WWI & WWII historical and educational flight simulator - joaquingrech

Hi guys,
We are making a flight simulator that won't be the usual shoot-them-all. It will include actual real stories from WWI and WWII veterans. Their children and grandchildren wrote to us with them.
The project is looking for funding, we made a short video and this is our first kickstarter campaign. We hope you like it and can help us out a bit to get the word out or with pledges :)
http://www.kickstarter.com/projects/echoboomapps/dogfight-elite
======
brudgers
I am reminded of two games: Falcon [3.0] and Secret Weapons of the Luftwaffe.
Each points to a different gameplay problem with combat flight simulation.

Falcon 3.0 was increasingly harder to fly as the simulation became more
accurate. It's a fact. F-16's are hard to fly.

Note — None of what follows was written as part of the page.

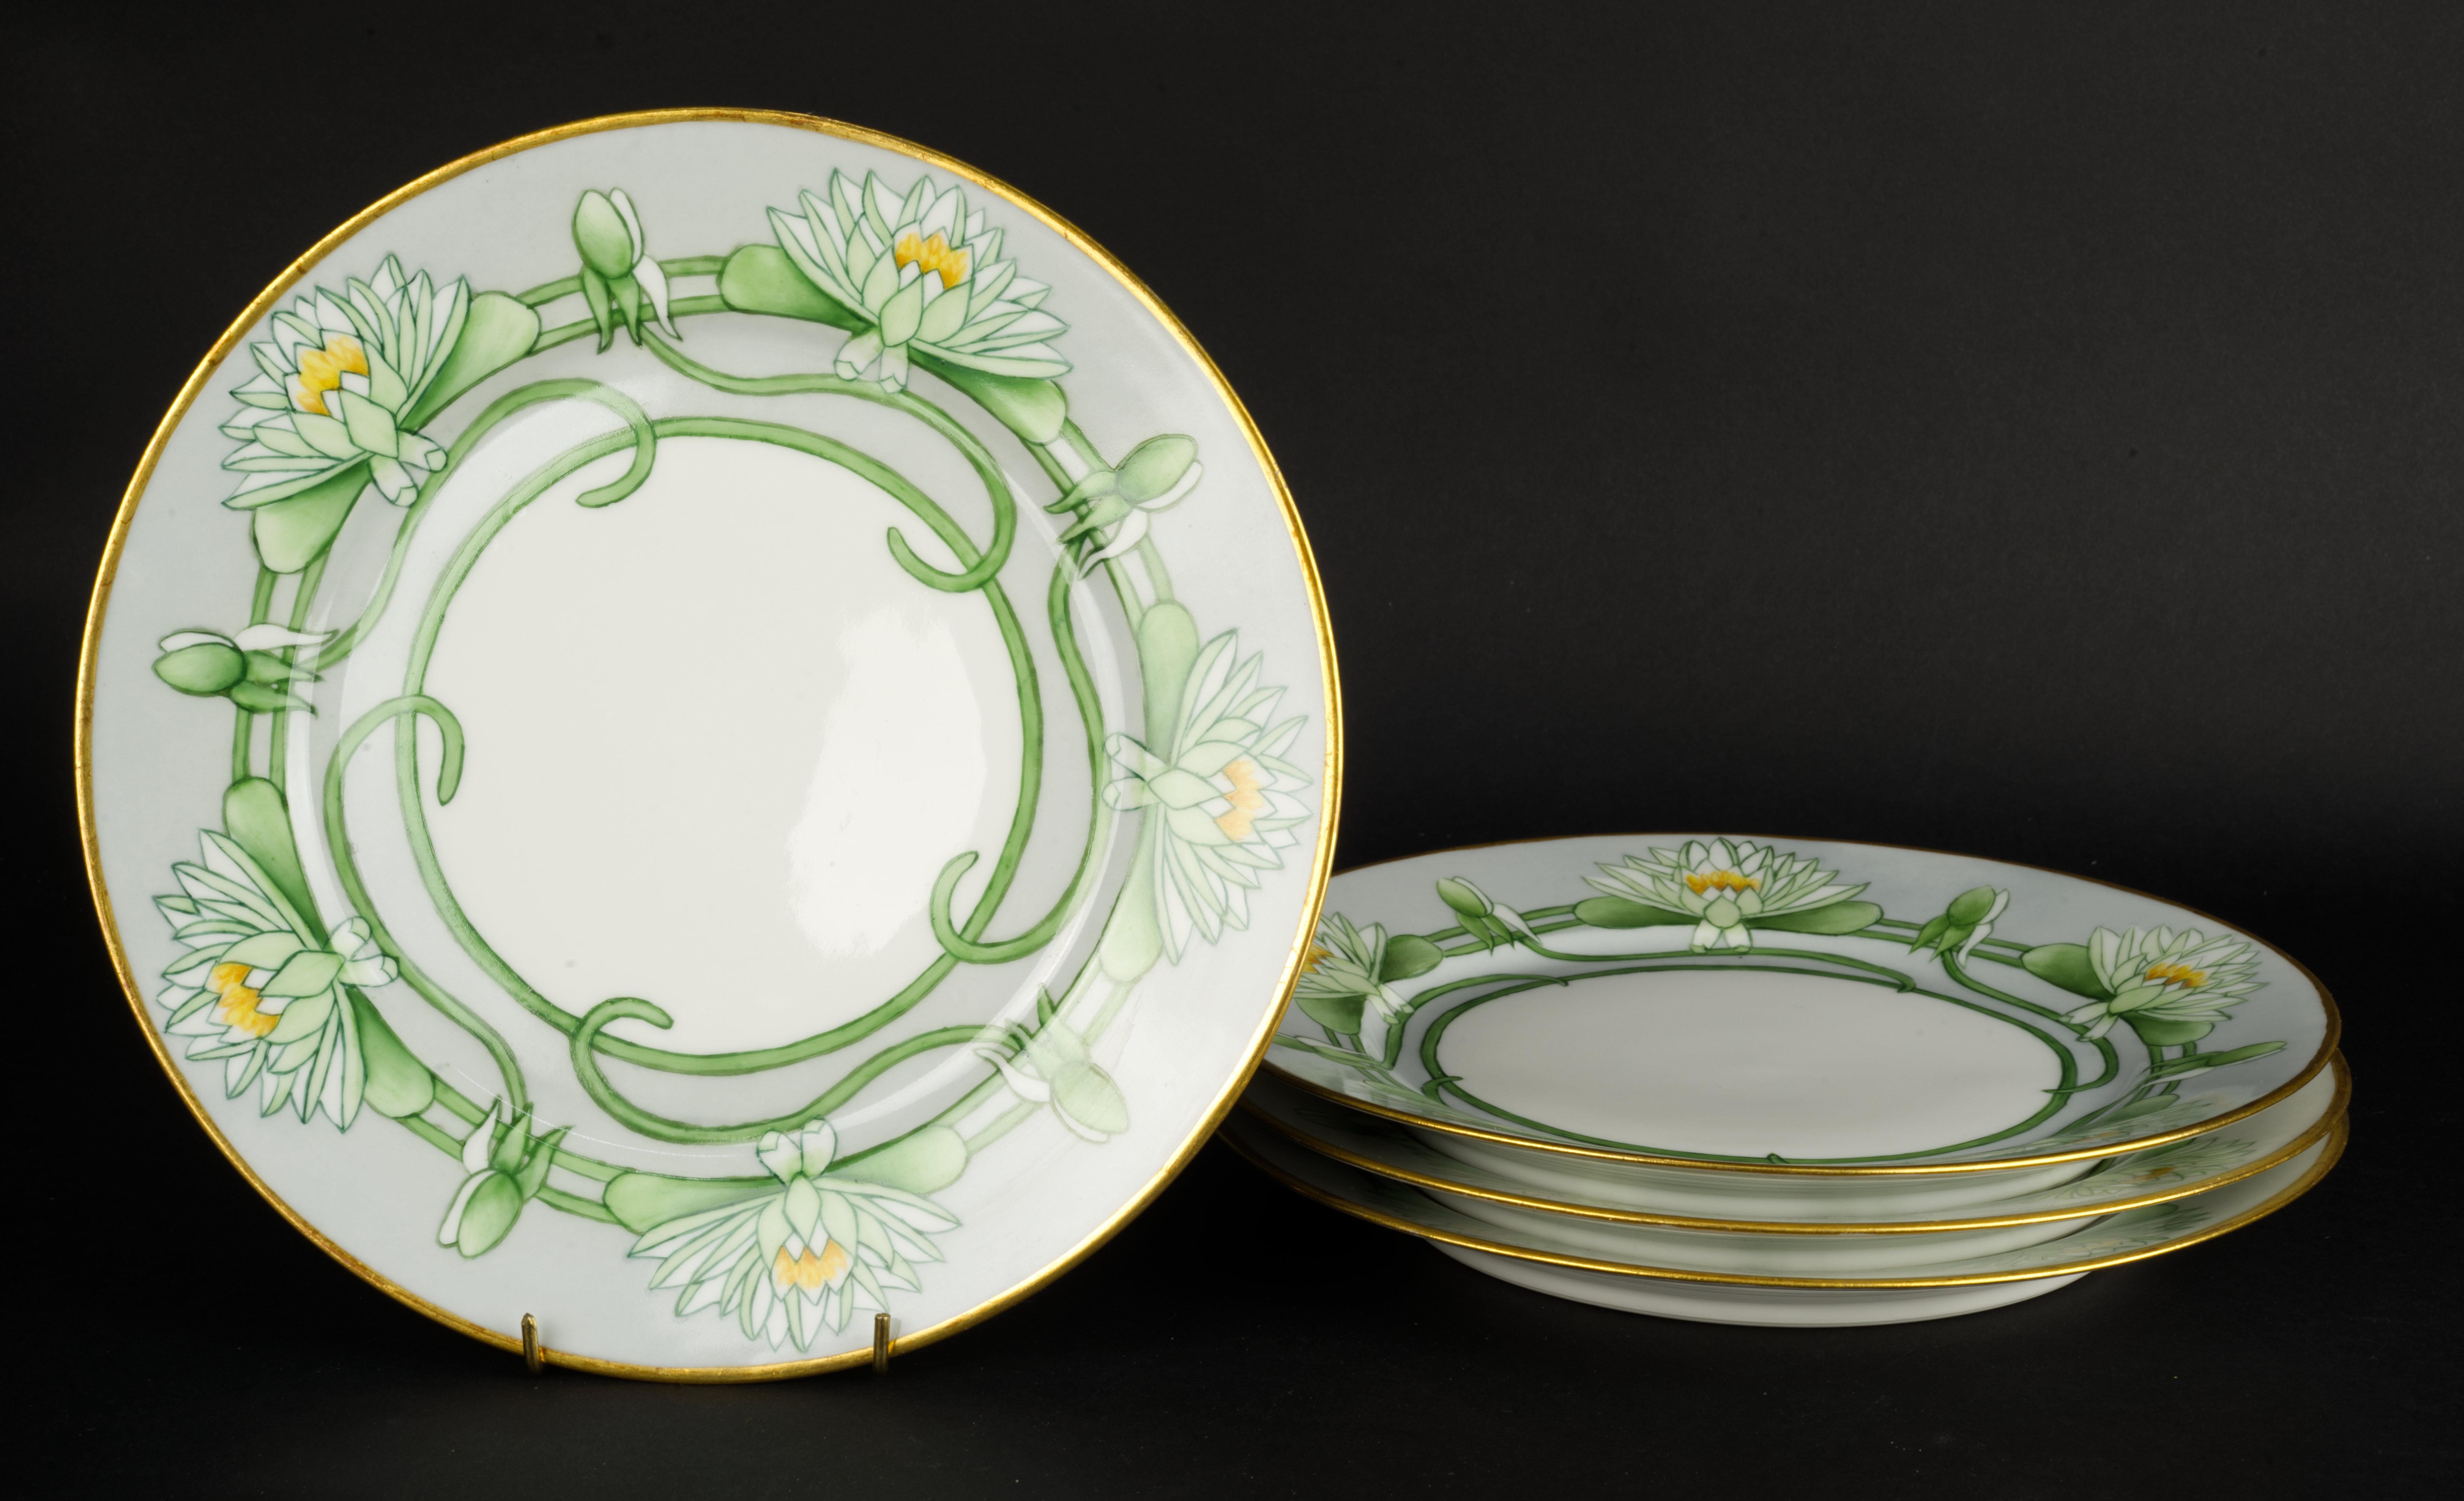  Set of 4 unique, antique plates was made by Haviland & Cie in Limoges, France. The plates were hand painted by a professional artist in a decorating studio with Art Deco motif of five water lilies on pale blue background. Calm blue and green colors

Many of SWotL's combat missions were long when flying from the allied side,
even with time acceleration - it's a long way from England to Schweinfurt.
Then it's a long way back.

A game needs to cut through the ordinariness of reality. Not simulate it.

Good Luck.

<http://en.wikipedia.org/wiki/Falcon_%28video_game_series%29>

<http://en.wikipedia.org/wiki/Secret_Weapons_of_the_Luftwaffe>